Correlation Between Bassett Furniture and Hanover Insurance
Can any of the company-specific risk be diversified away by investing in both Bassett Furniture and Hanover Insurance at the same time? Although using a correlation coefficient on its own may not help to predict future stock returns, this module helps to understand the diversifiable risk of combining Bassett Furniture and Hanover Insurance into the same portfolio, which is an essential part of the fundamental portfolio management process.
By analyzing existing cross correlation between Bassett Furniture Industries and The Hanover Insurance, you can compare the effects of market volatilities on Bassett Furniture and Hanover Insurance and check how they will diversify away market risk if combined in the same portfolio for a given time horizon. You can also utilize pair trading strategies of matching a long position in Bassett Furniture with a short position of Hanover Insurance. Check out your portfolio center. Please also check ongoing floating volatility patterns of Bassett Furniture and Hanover Insurance.

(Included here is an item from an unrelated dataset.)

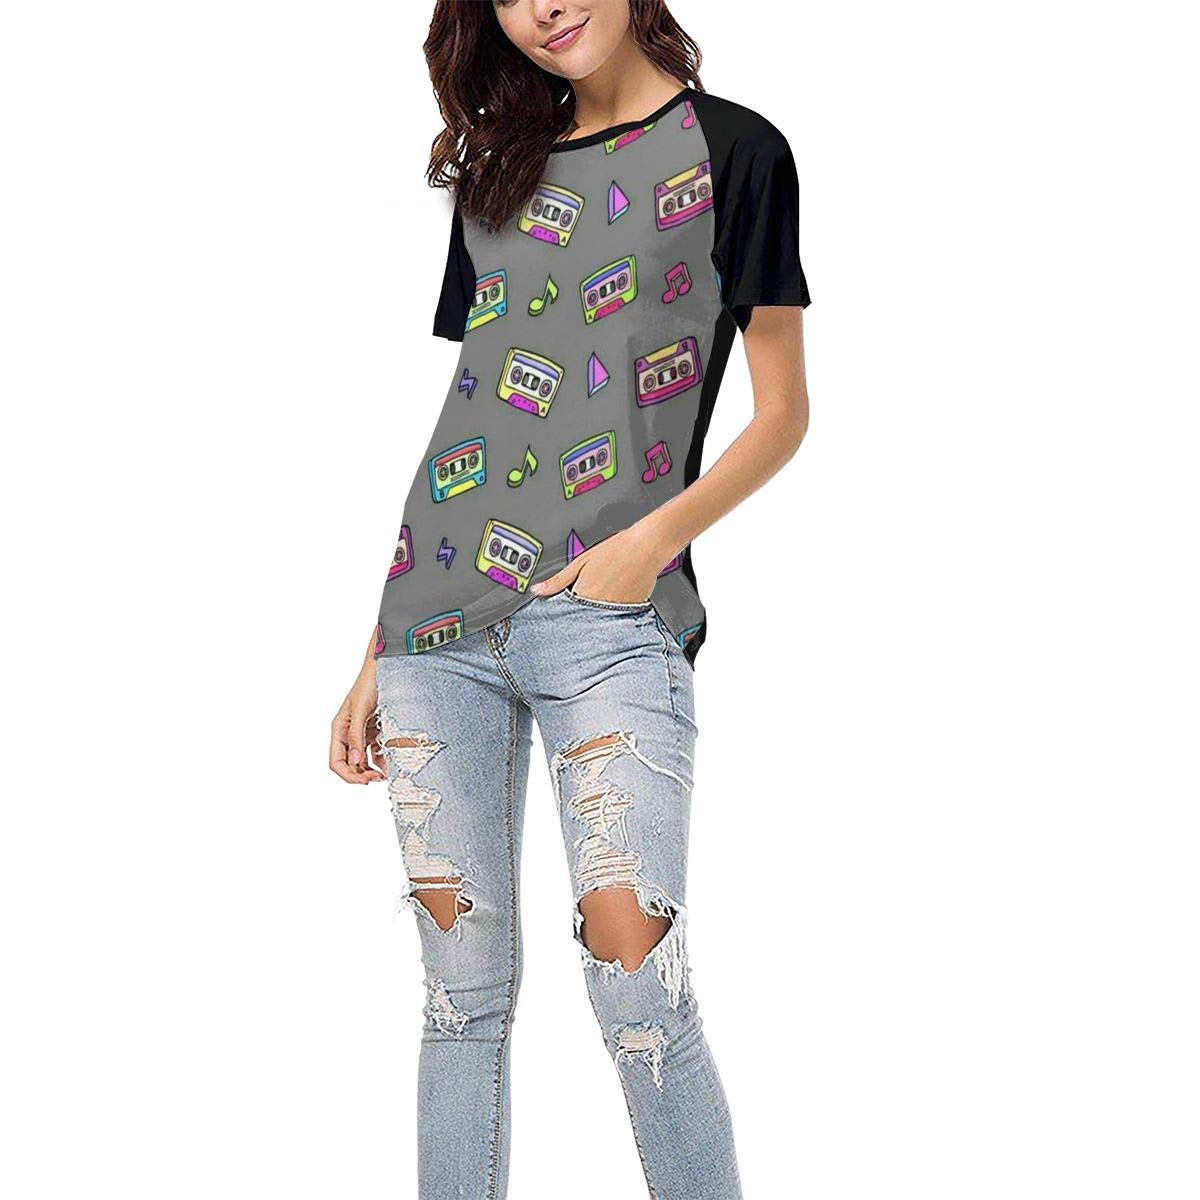 QWXZC Colored Cassette Womens Short Sleeves Baseball Tee Casual Raglan Shirt Baseball Raglan T-Shirt.Black.

Diversification Opportunities for Bassett Furniture and Hanover Insurance
0.69 | Correlation Coefficient |
Poor diversification
The 3 months correlation between Bassett and Hanover is 0.69. Overlapping area represents the amount of risk that can be diversified away by holding Bassett Furniture Industries and The Hanover Insurance in the same portfolio, assuming nothing else is changed. The correlation between historical prices or returns on Hanover Insurance and Bassett Furniture is a relative statistical measure of the degree to which these equity instruments tend to move together. The correlation coefficient measures the extent to which returns on Bassett Furniture Industries are associated (or correlated) with Hanover Insurance. Values of the correlation coefficient range from -1 to +1, where. The correlation of zero (0) is possible when the price movement of Hanover Insurance has no effect on the direction of Bassett Furniture i.e., Bassett Furniture and Hanover Insurance go up and down completely randomly.
Pair Corralation between Bassett Furniture and Hanover Insurance
Given the investment horizon of 90 days Bassett Furniture Industries is expected to under-perform the Hanover Insurance. In addition to that, Bassett Furniture is 1.42 times more volatile than The Hanover Insurance. It trades about -0.01 of its total potential returns per unit of risk. The Hanover Insurance is currently generating about 0.06 per unit of volatility. If you would invest 14,796 in The Hanover Insurance on October 1, 2024 and sell it today you would earn a total of 637.00 from holding The Hanover Insurance or generate 4.31% return on investment over 90 days.
Time Period | 3 Months [change] |
Direction | Moves Together |
Strength | Significant |
Accuracy | 100.0% |
Values | Daily Returns |
Bassett Furniture Industries vs. The Hanover Insurance
Performance |
Timeline |
Bassett Furniture |
Hanover Insurance |
Bassett Furniture and Hanover Insurance Volatility Contrast
Predicted Return Density |
Returns |
Pair Trading with Bassett Furniture and Hanover Insurance
The main advantage of trading using opposite Bassett Furniture and Hanover Insurance positions is that it hedges away some unsystematic risk. Because of two separate transactions, even if Bassett Furniture position performs unexpectedly, Hanover Insurance can make up some of the losses. Pair trading also minimizes risk from directional movements in the market. For example, if an entire industry or sector drops because of unexpected headlines, the short position in Hanover Insurance will offset losses from the drop in Hanover Insurance's long position.Bassett Furniture vs. Hooker Furniture | Bassett Furniture vs. Flexsteel Industries | Bassett Furniture vs. Haverty Furniture Companies | Bassett Furniture vs. La Z Boy Incorporated |
Hanover Insurance vs. RLI Corp | Hanover Insurance vs. NI Holdings | Hanover Insurance vs. White Mountains Insurance | Hanover Insurance vs. Chubb |
Check out your portfolio center.Note that this page's information should be used as a complementary analysis to find the right mix of equity instruments to add to your existing portfolios or create a brand new portfolio. You can also try the Portfolio Volatility module to check portfolio volatility and analyze historical return density to properly model market risk.